··· PROVIDED ENTRIES

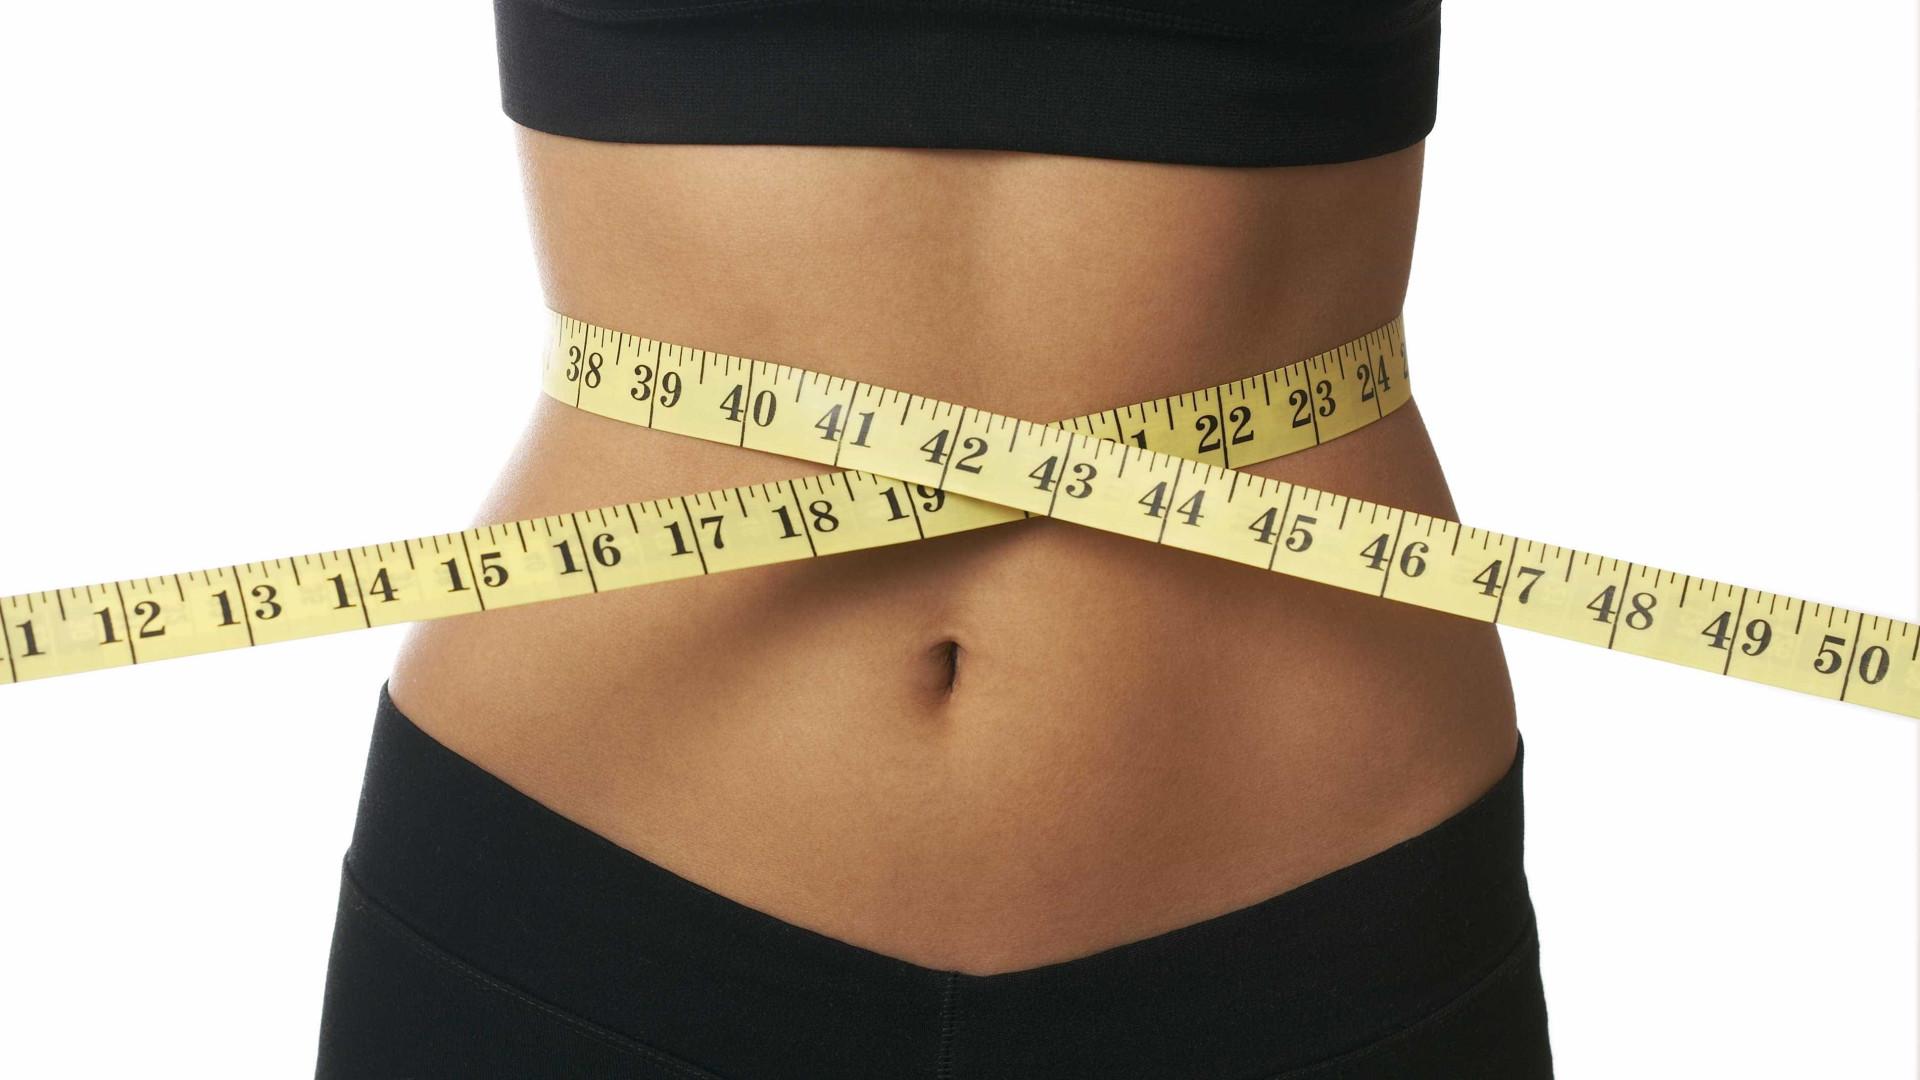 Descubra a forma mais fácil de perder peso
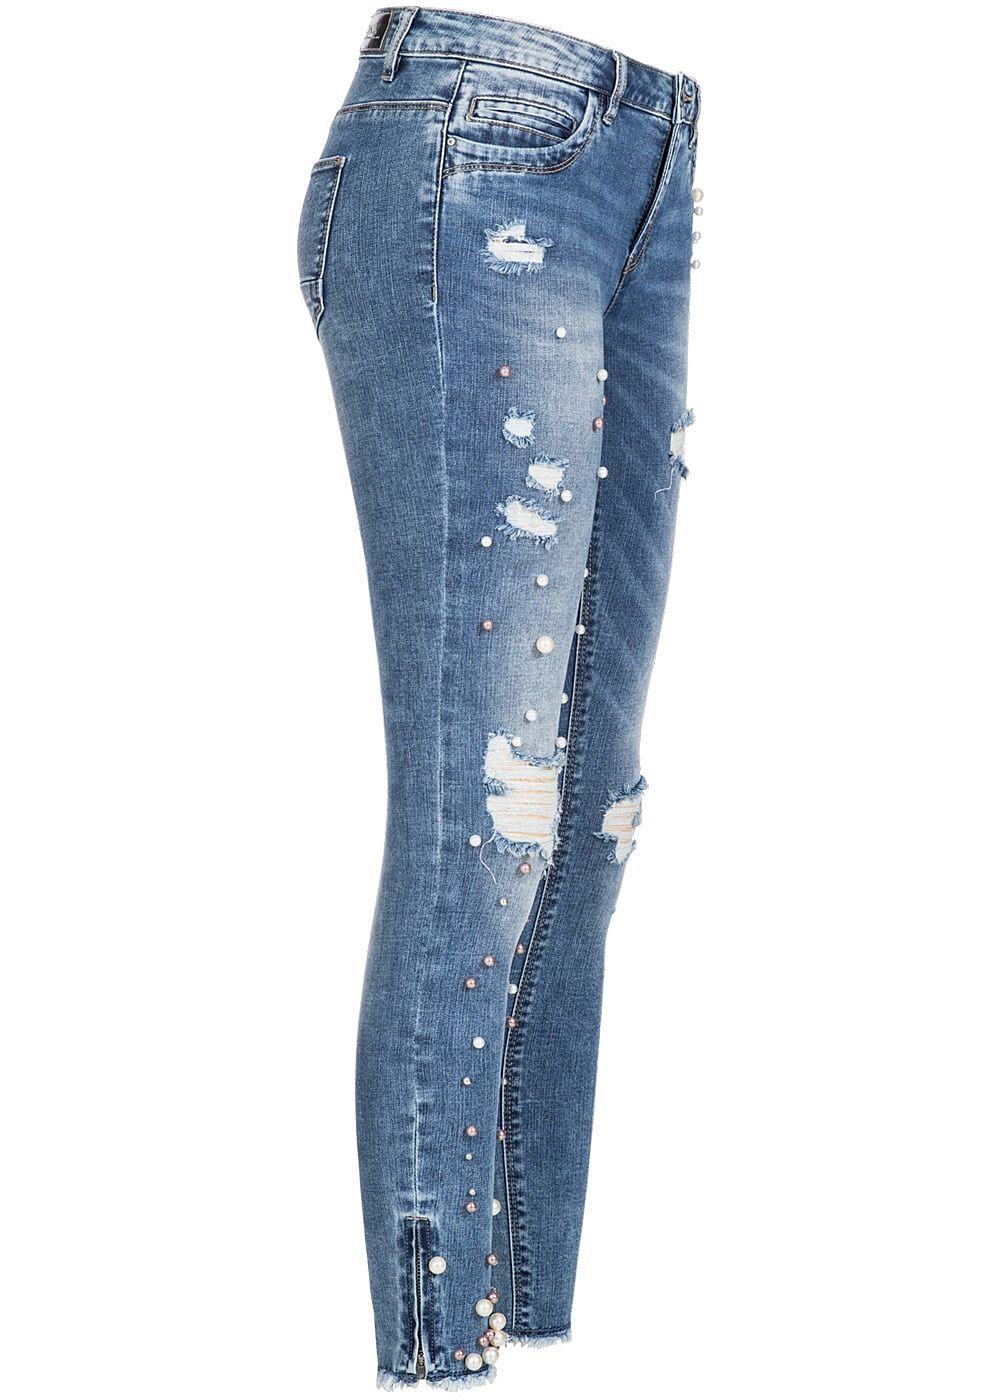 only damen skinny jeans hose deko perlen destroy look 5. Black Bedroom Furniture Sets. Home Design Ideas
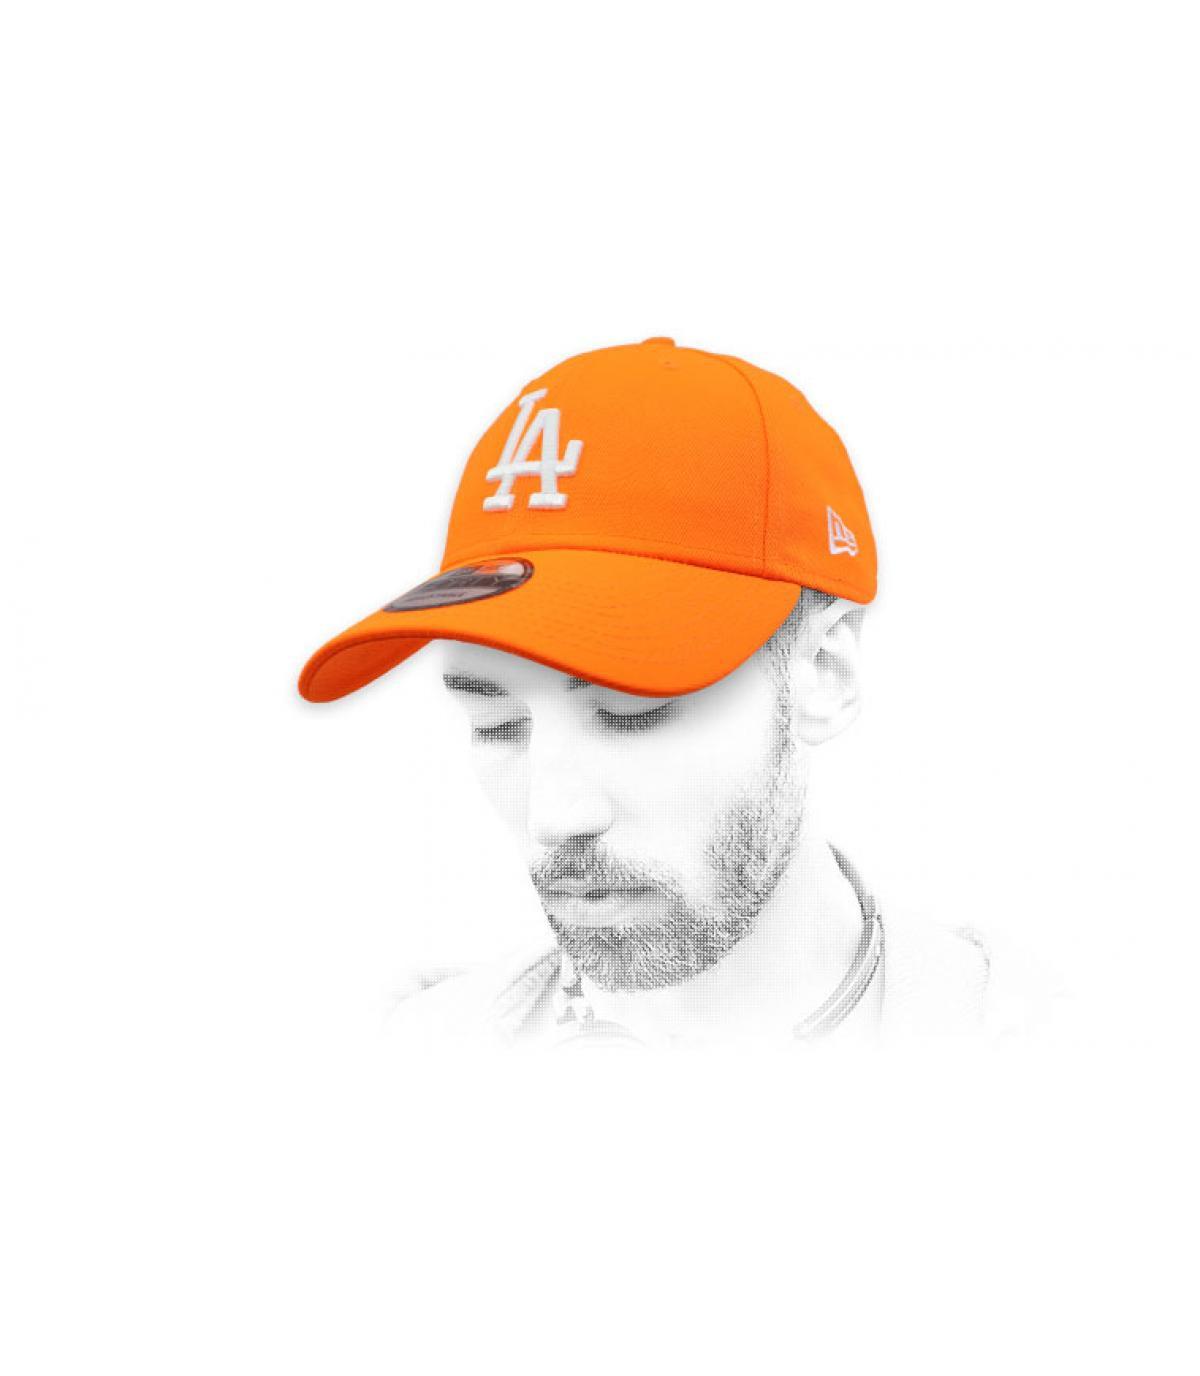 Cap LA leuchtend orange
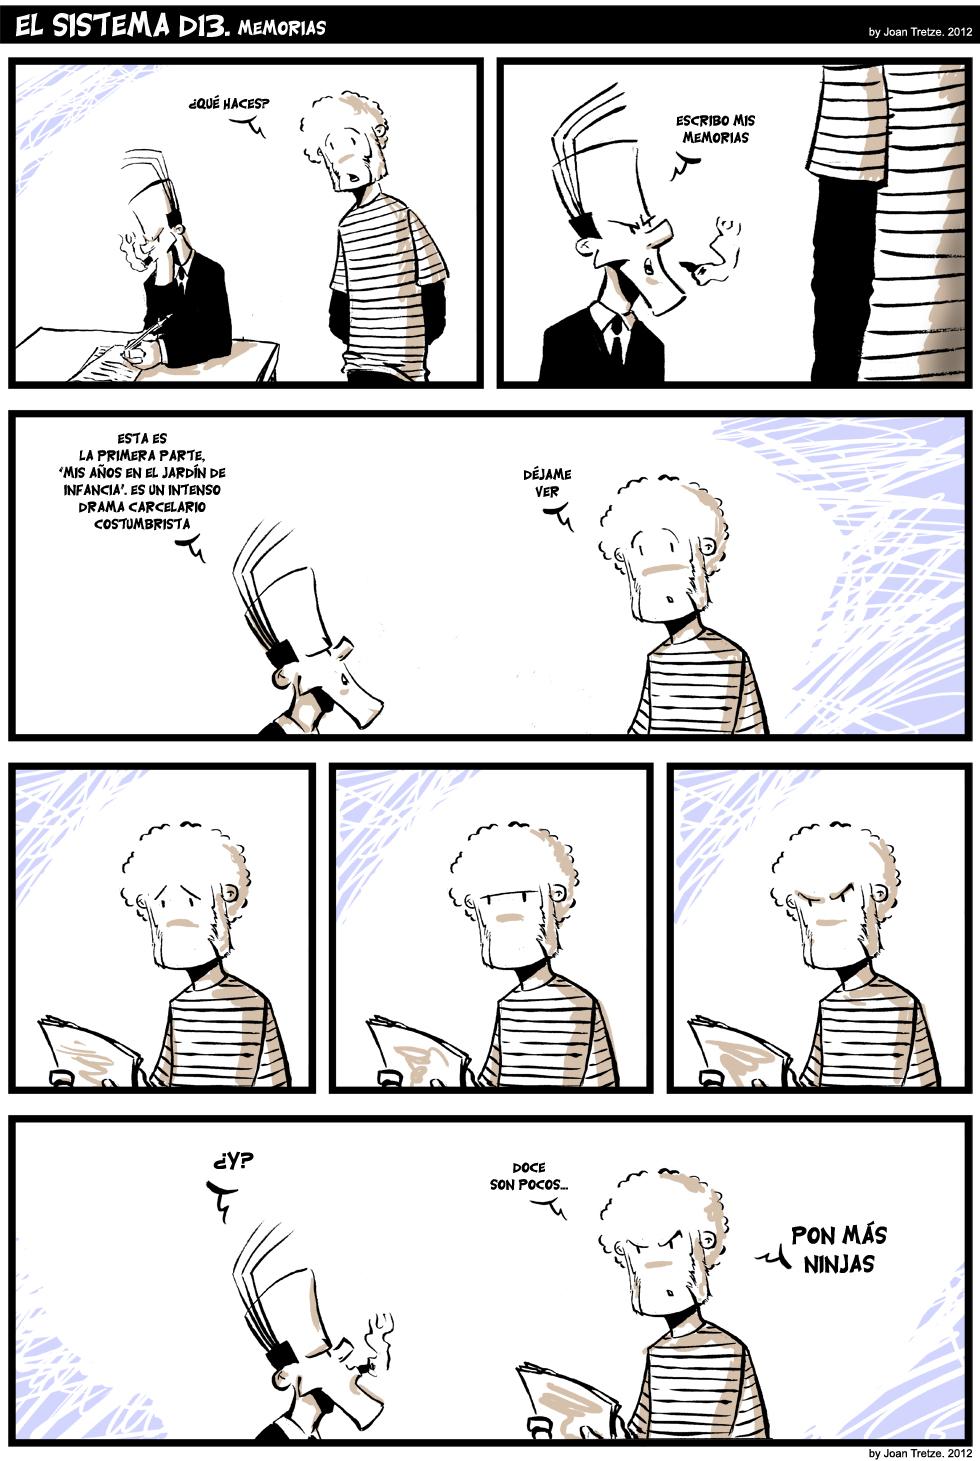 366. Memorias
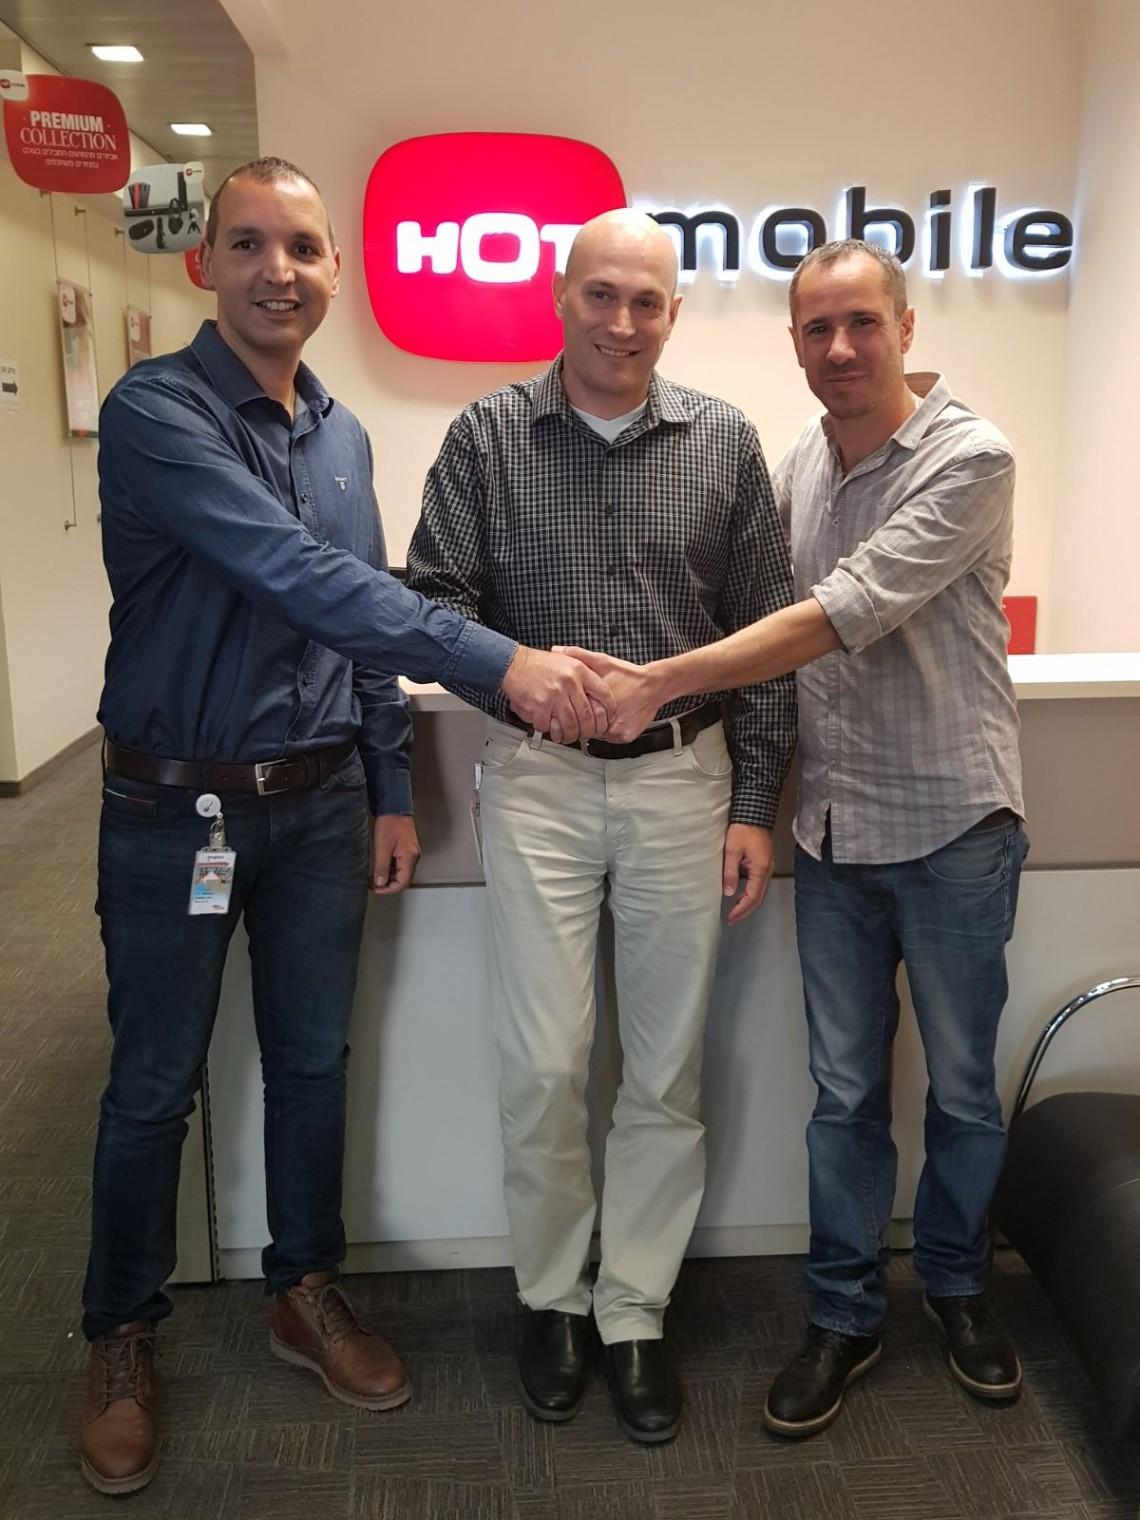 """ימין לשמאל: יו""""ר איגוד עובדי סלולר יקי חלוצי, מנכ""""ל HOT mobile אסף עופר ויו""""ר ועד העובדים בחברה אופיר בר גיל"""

······

BRIEF:
Return verbatim every line from the line containing "366. Memorias" to the last line of the entries above, inclusive, and leave out the pictures.

FINISHED EXERCISE:
 366. Memorias
 """ימין לשמאל: יו""""ר איגוד עובדי סלולר יקי חלוצי, מנכ""""ל HOT mobile אסף עופר ויו""""ר ועד העובדים בחברה אופיר בר גיל"""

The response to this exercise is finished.